Darr is a Python science library that allows you to work with potentially very large, disk-based Numpy arrays that are self-documented, and that can be read in many other popular languages for data analysis with minimal effort.

Universal readability of data is a pillar of good scientific practice. It is also generally a good idea for anyone who wants to flexibly move between analysis environments, who wants to save data for the longer term, or who wants to share data with others without spending much time on figuring out and/or explaining how the receiver can read it. As you work with you darr array, its documentation is automatically kept up to date, including a complete and human-readable description, as well as code to read the array in popular languages such as R, Julia, Scilab, IDL, Matlab, Maple, and Mathematica, or in Python/Numpy without Darr (see example). A quick copy-paste of code from the array documentation is in most cases all that is needed to read your data in, e.g. R or Matlab. No need to export anything, make notes, or to provide elaborate explanation. No dependence on complicated formats or specialized libraries. No looking up things.

In essence, Darr makes it trivially easy to share your numerical arrays with others or with yourself when working in different computing environments, and makes them future-proof by providing documentation.

More rationale for a tool-independent approach to numeric array storage is provided here.

Under the hood, Darr uses NumPy memory-mapped arrays, which is a widely established and trusted way of working with disk-based numerical data, and which makes Darr fully NumPy compatible. This enables efficient out-of-core read/write access to potentially very large arrays. In addition to automatic documentation, Darr adds other functionality to NumPy's memmap, such as easy appending and truncating data, support for ragged arrays, the ability to create arrays from iterators, and easy use of metadata. Flat binary files and (JSON) text files are accompanied by a README text file that explains how the array and metadata are stored (see example arrays).

See this tutorial for a brief introduction, or the documentation for more info.

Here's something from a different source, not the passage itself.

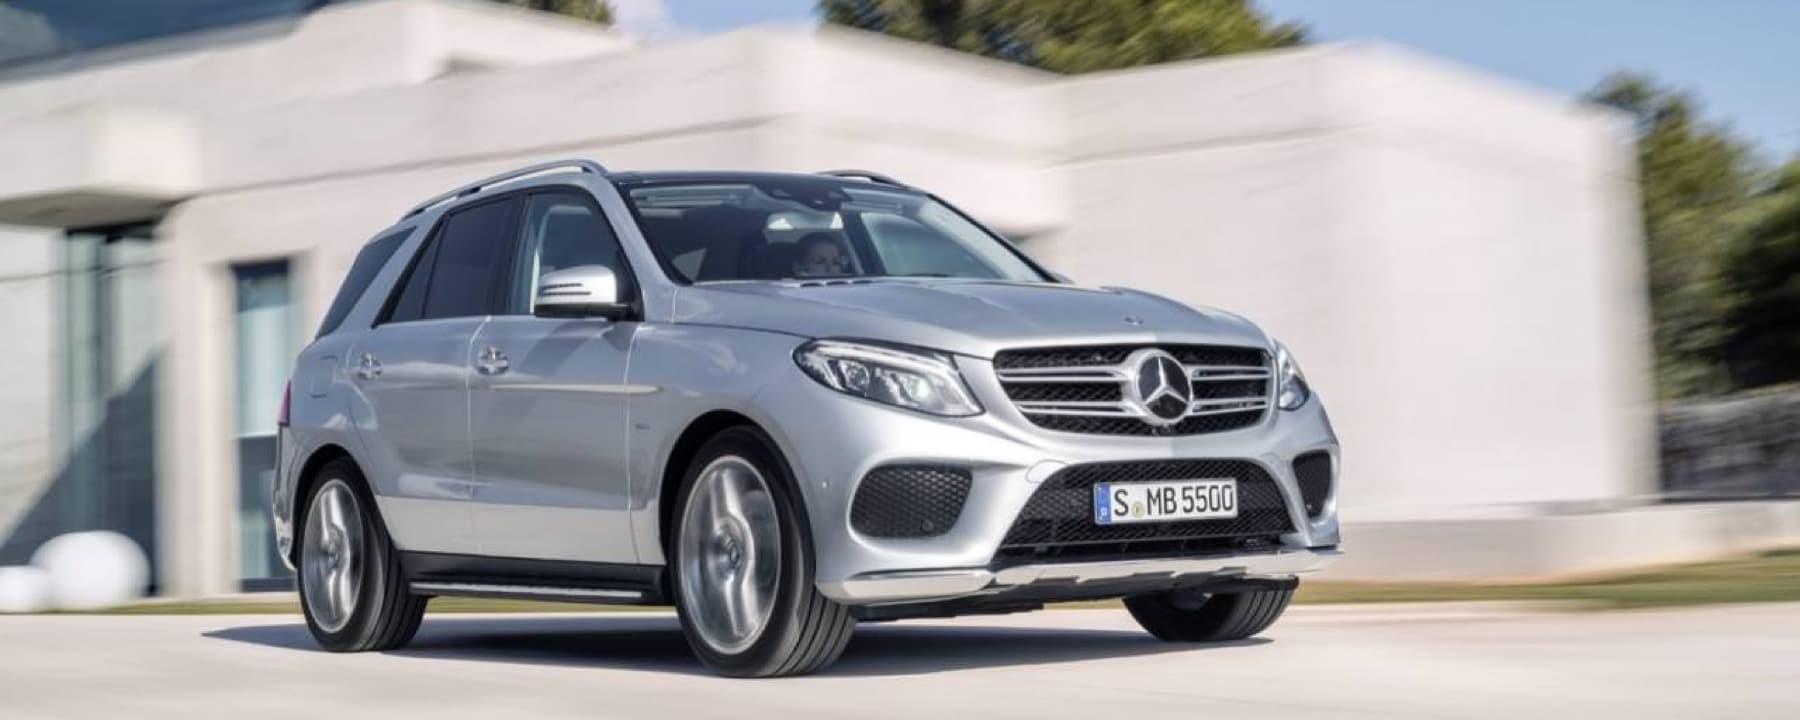 Mercedes benz usa introduces a new video mercedes benz for Mercedes benz official site usa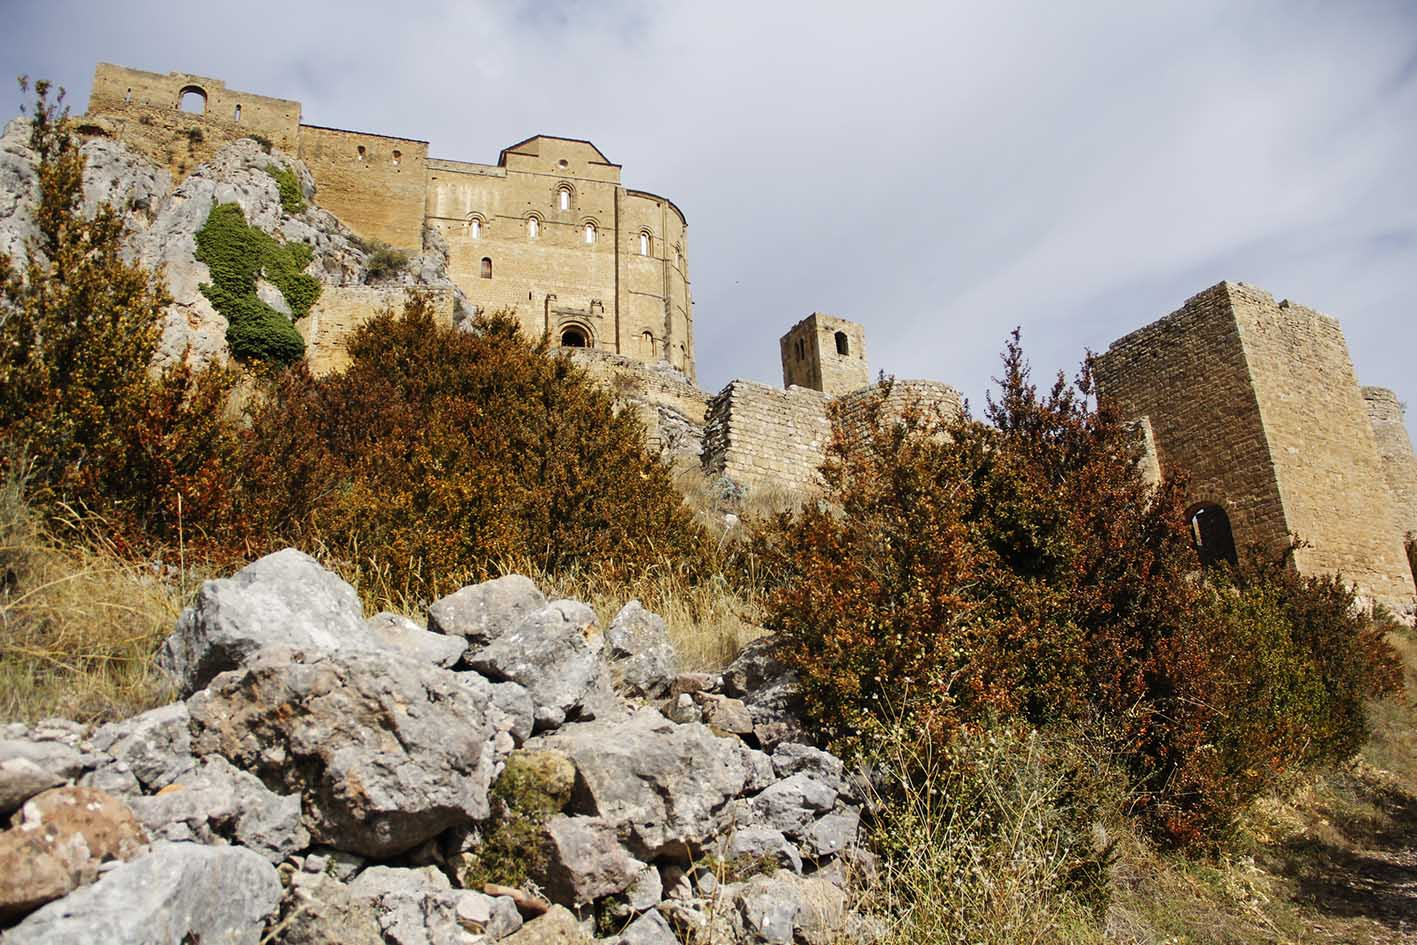 Vista de la muralla del Castillo de Loarre

Darr is currently pre-1.0, still undergoing development. It is open source and freely available under the New BSD License terms.

Features

  • Data is stored purely based on flat binary and text files, maximizing universal readability.
  • Automatic self-documention, including copy-paste ready code snippets for reading the array in a number of popular data analysis environments, such as Python (without Darr), R, Julia, Scilab, Octave/Matlab, GDL/IDL, and Mathematica (see example array).
  • Disk-persistent array data is directly accessible through NumPy indexing and may be larger than RAM
  • Easy and efficient appending of data (see example).
  • Supports ragged arrays.
  • Easy use of metadata, stored in a widely readable separate JSON text file (see example).
  • Many numeric types are supported: (u)int8-(u)int64, float16-float64, complex64, complex128.
  • Integrates easily with the Dask library for out-of-core computation on very large arrays.
  • Minimal dependencies, only NumPy.

Drawbacks

  • No compression, although compression for archiving purposes is supported.

Installation

Darr officially depends on Python 3.9 or higher. Older versions may work (probably >= 3.6) but are not tested.

Install Darr from PyPI:

$ pip install darr

Or, install Darr via conda:

$ conda install -c conda-forge darr

To install the latest development version, use pip with the latest GitHub master:

$ pip install git+https://github.com/gbeckers/darr@master

Documentation

See the documentation for more information.

Contributing

Any help / suggestions / ideas / contributions are welcome and very much appreciated. For any comment, question, or error, please open an issue or propose a pull request.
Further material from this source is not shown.